First target: a major supply column of seventy wagons crawling along the eastern river track, loaded with grain and powder for the coming siege.

Nau Nihal split his force into three. Jawahar took forty riders and hit the head of the column, creating chaos. Nau Nihal struck the center with the rest. The attack was swift and merciless. Wagons burned. Grain spilled across the dirt and was trampled by panicked animals. Survivors fled with nothing but terror and stories of Sikh ghosts behind the lines.

Fifteen minutes.

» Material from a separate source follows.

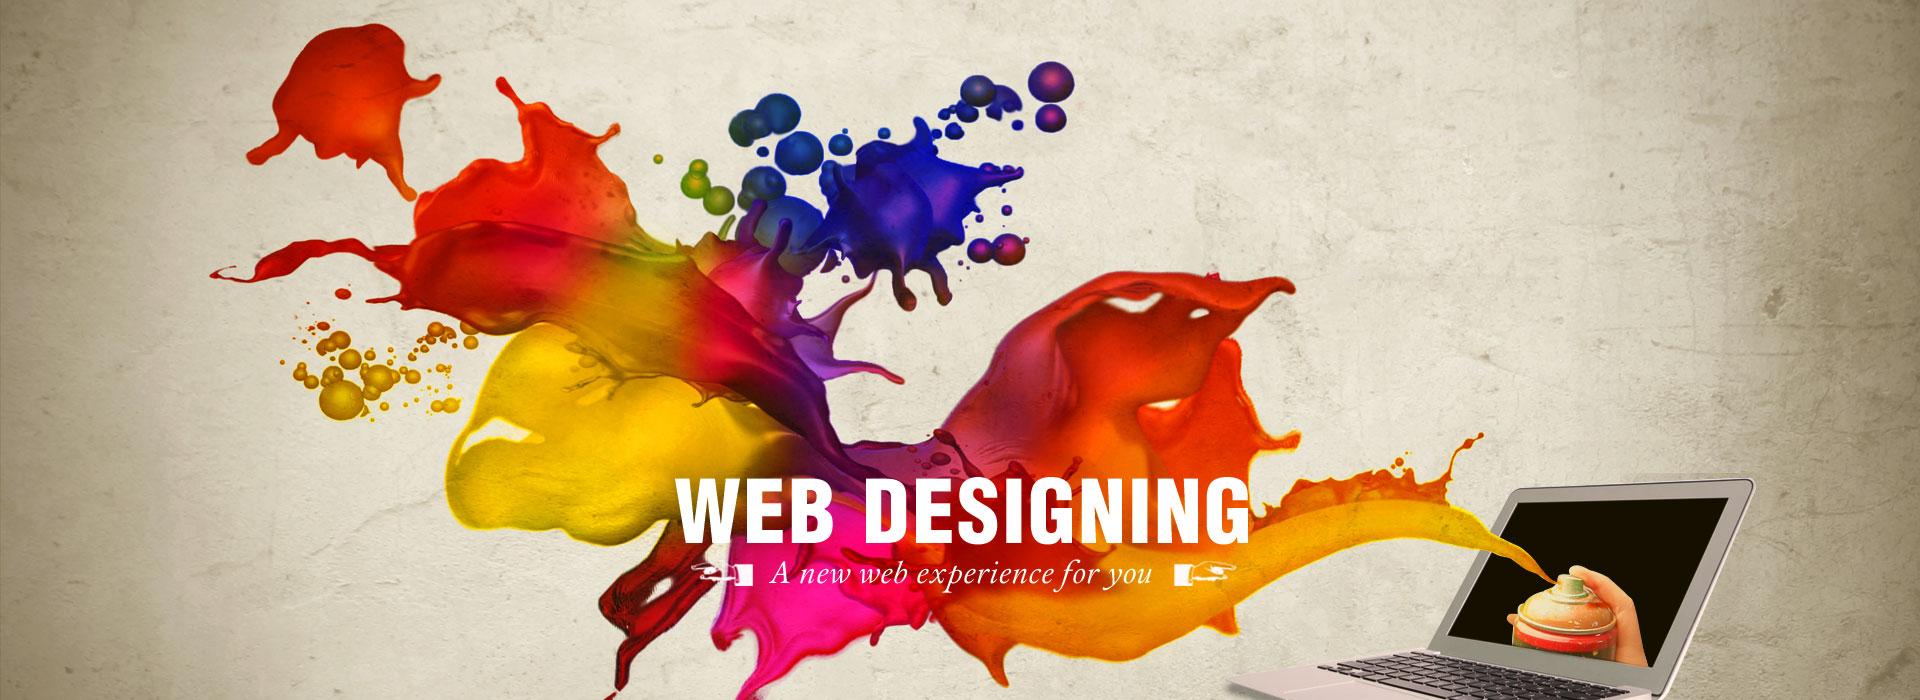 LM SOFTECH Web development & designing company bareilly software  development and seo company

Then they vanished into the darkness.

Before dawn they struck again.

The fodder depot at Kotri.

Raaz had been right — most of the guards had already been pulled toward Hyderabad, leaving the stores vulnerable. This fight was bloodier. Matchlock fire cracked through the night. Two of Nau Nihal's men took wounds. But fire did the rest. The massive piles of fodder and spare ammunition roared into the sky, lighting the horizon like a second sunrise.

As they withdrew, Jawahar rode up beside Nau Nihal, face streaked with soot. "That smoke will be visible from the main army's position. Sher Singh will know we're doing our part."

"Good," Nau Nihal replied. "Every sack we destroy is another week the city cannot hold. Let the Amirs feel real hunger before Ventura's guns even open fire."

They pushed hard through the remaining darkness, putting miles between themselves and the twin infernos. Only when they reached a hidden ravine near a tributary of the Indus did Nau Nihal allow a brief rest.

While the men tended horses and wounds, another Raaz messenger arrived — this one a fisherman with a small boat. The note was short:

Hyderabad's granaries already strained. Field commanders demanding reinforcements be pulled from the south. Southern tribes hesitant. Amirs divided.

Nau Nihal burned the paper and stared into the small fire.

"We've done what we came for on the open plain," he said quietly to Jawahar. "The big formations are finished. From now on we stay deep in their rear. Hit water channels, bridges, messenger routes. Keep them blind and bleeding while the main army closes the trap."

Jawahar grinned tiredly. "You always said this would be the real work."

"It is." Nau Nihal's eyes hardened. "We are no longer fighting their army. We are fighting their will to resist. When Sher Singh gives the signal, we charge from behind and shatter whatever is left."

The first light of dawn touched the eastern sky. Far to the north, the distant dust of the main Sikh army under Sher Singh and Ventura was probably already visible on the horizon.

The long chase across Sindh was ending.

The siege — and the true shadow war — had begun.